Here’s a poem I wrote as the program note for my semi-improvised solo dance performance.
I won the Most Promising Male Dancer award for this 10-minute performance at the FNB Vita Dance Indaba festival in Cape Town.
It’s my humble creative offering from my first year at the Cape Town School of Dance in 1997.
I used music from Vena Cava - a 1993 live performance album by Diamanda Galás (Mute Records).
The concept of Tort grew out of my previous 1996 solo, Variations on a Body: Dance Peace.
Tort came about because I didn’t feel at peace as a dancer in my first year of Dance School. I was going through an identity crisis far from the safety and support of my home and my friends in Durban.
I had just completed an intense Drama degree, which culminated in me writing 5 successfully produced plays in the last five months before graduation. I had thrown myself fully into everything Dramatic for three years. I believed I could be anything: an actor, a physical theater performer, a contemporary dancer, a choreographer, a playwright, a director, a stage manager, and even a stage designer. I grabbed every opportunity I could to seize the day and to do it all. I had even been an usher at the on-campus Elizabeth Sneddon Theater.
I successfully auditioned for the Cape Town School of Dance when Cape Town City Ballet performed in Durban. I was able to attend a company class with these professionals.

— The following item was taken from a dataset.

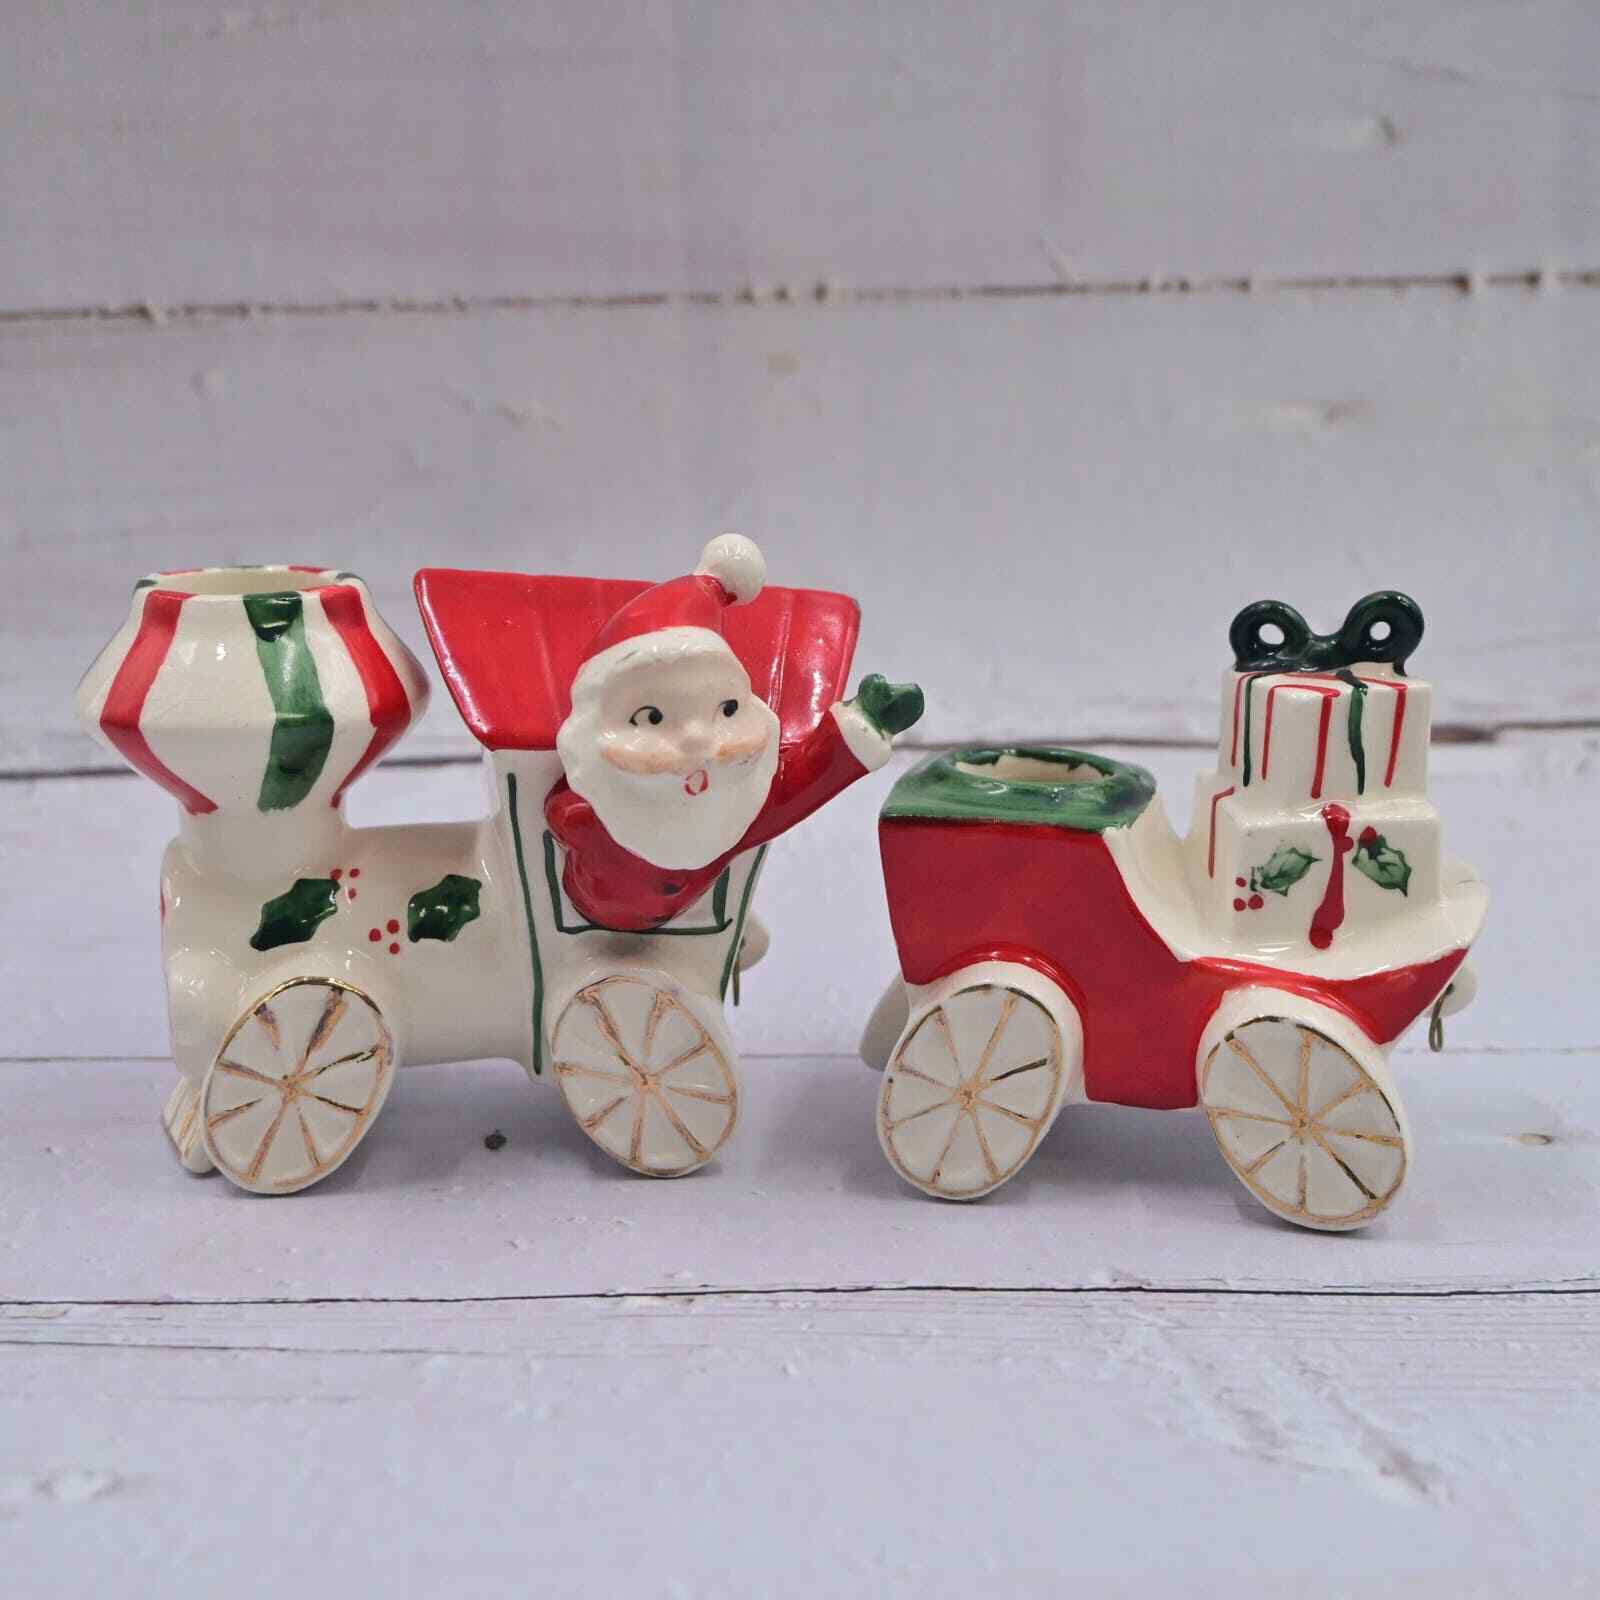 Vintage Napco Christmas Santa Candle Holder With Caboose Figures 
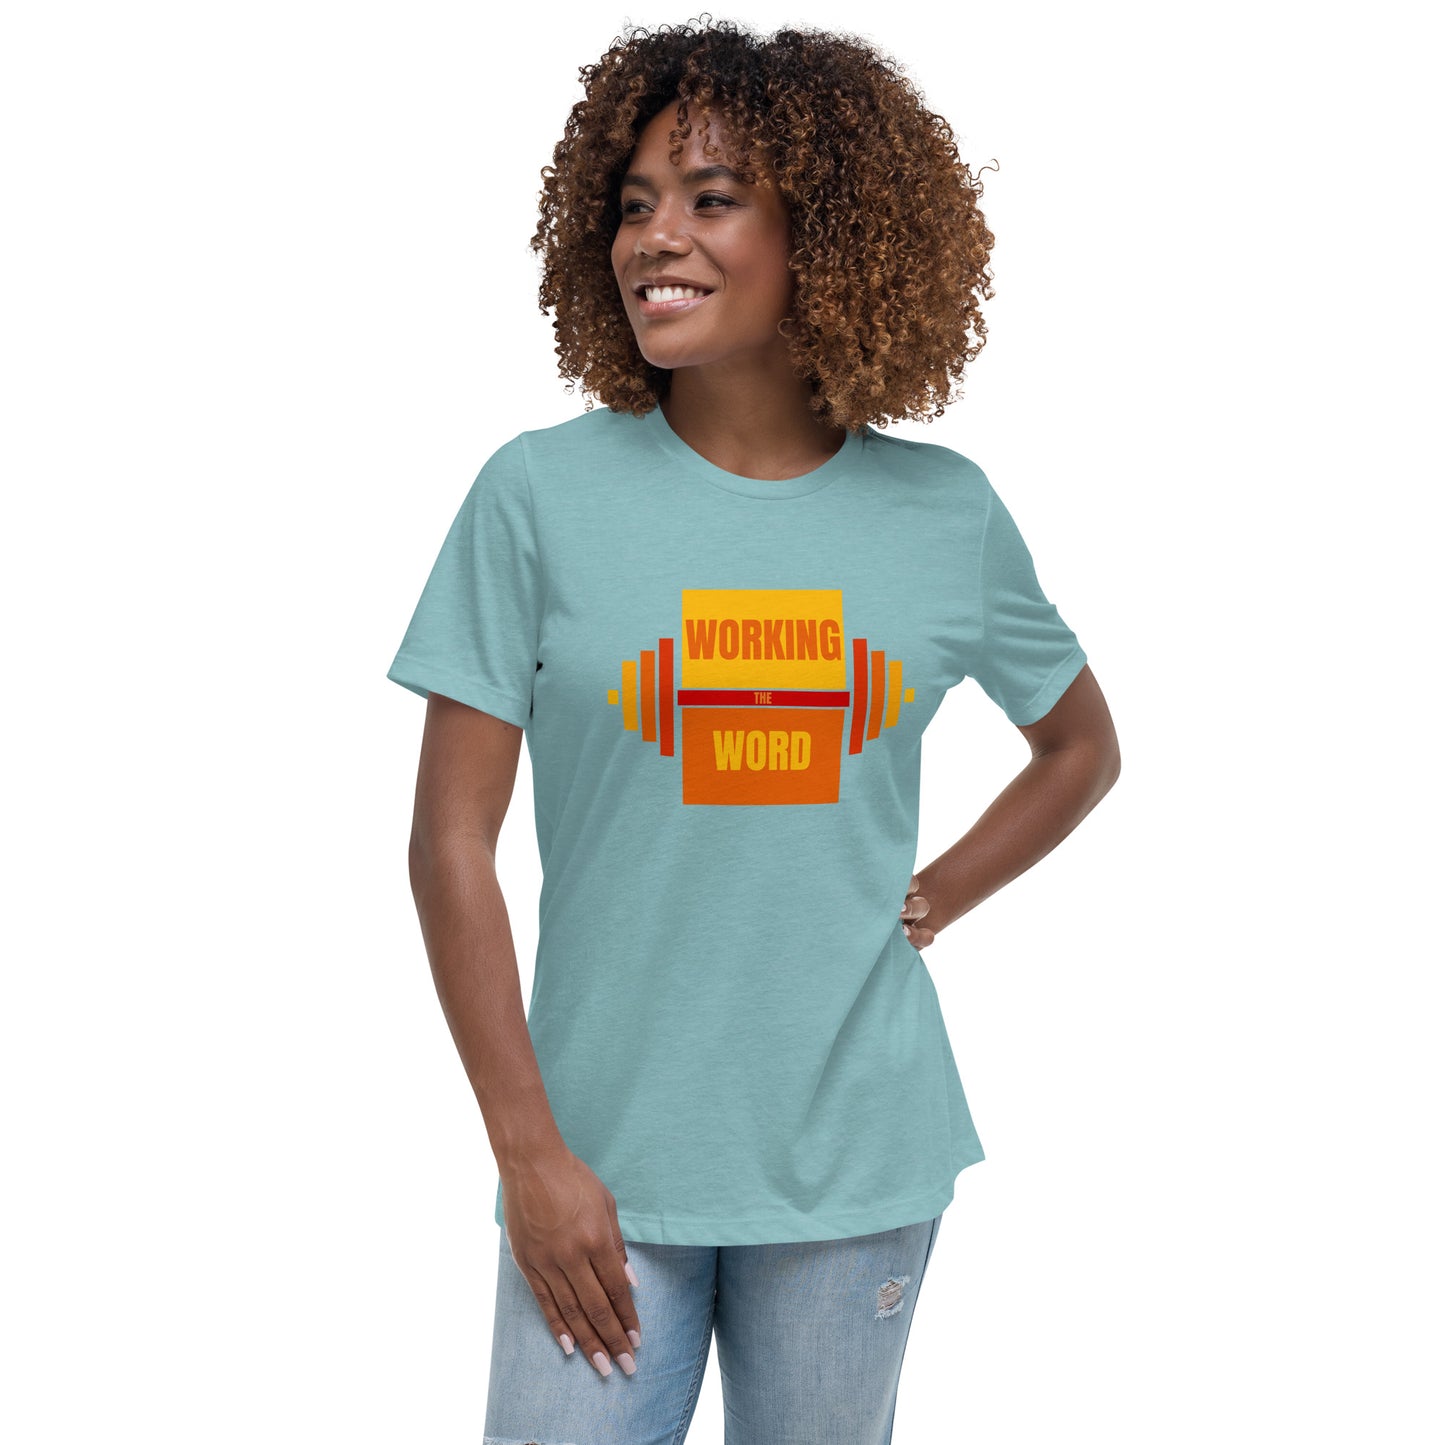 Working the Word Women's Relaxed T-Shirt

So in January 1997 I bought a Bazbus ticket and journeyed for three days from Durban to Cape Town. I was a first year student again. This time I was at one of the top professional dance schools in South Africa. I didn’t know what I was getting myself into, but I trusted my intuition and decided to take the most difficult challenge of starting over again.
After a few months of student life I felt I was contorting my drama body and huge ego into the muscular confines of a dance body.
According to the Enclyclopedia Brittanica, tort derives from the Latin tortum, which means “something twisted, wrung, or crooked.”
Tort was my way of expressing that twisted and wrung feeling I had on stage.
Tort
I dance in fits and starts,
convulsing on the stage.
I contort my empty soul
in time, in space.
It makes no difference
as long as I claim indifference.
I bought these pics from the official event photographer, but I can’t find a record of his name. If you are him or know who the photographer is, please contact me so I can credit you properly here. Thanks again for taking such awesome photos during the performance. You’re amazing!
Here are 9 action shots from my solo:
This award-winning solo was the start of my ‘professional’ dance career on stage. I’m still proud of this milestone achievement over 25 years later. I only wish my mom could have been in the audience to see her son dance his heart out while pushing his body beyond any limits he thought he had.
How about you?
What past milestone achievements are you still proud of today?
Have your limits ever been pushed or redefined as you’ve grown into the amazing person you are today?
TORT
Oh wow...now I wish there was a video!!! Such gorgeous shots, and I FEEL that poem. And yes, we do believe that when we're young, before they get their convincing hooks into us, don't we - that we can be all those things? Thankfully I never stopped. I think that's one of my most cherished milestones. It absolutely has stunted my career and my ability to woo algorithms, this refusal to Specialize, but I do not regret it for a second. Do you know about Emilie Wapnick and multipotentialites?
My biggest milestones...hmmm...Valedictorian is an obvious one. Finishing my first novel and being published in an anthology at 17. Successfully replying, "Watch me," to my doctors' prognosis that I'd never be a professional dancer again after being rammed by a drunk driver, and then hammering the point home by hop-skipping onto the international stage instead. Then just grinding notions like that into dust by becoming a blackbelt. That tiny stint of time I was agented and working through a revision for a Big 5 editor (before acquiring brain injury #2 and the year of chronic seizures it gave me). Realizing that the world of traditional publishing and my TBIs are not happy playmates, yet obsessively continuing to regurgitate novel series, even though I have no idea what to do with them. Probably the biggest ones are, after all the injuries, all the abuses experienced by a clueless neurodivergent who had no idea what that is or why she couldn't figure out this Peopleing Thing, and 4 brain traumas, I'm still capable of doing amazing things, and--most importantly--I still haven't lost my sense of wonder.
Oh. And I am capable of belching "Luke, I am your fahhhthah," sometimes even without drinking a Coke. I know. You needed to know that. Off to cook dinner and dance in the kitchen. Then probably in the studio later.
What are you dancing to today? If you use Notes, tag me! (Can we tag each other here?)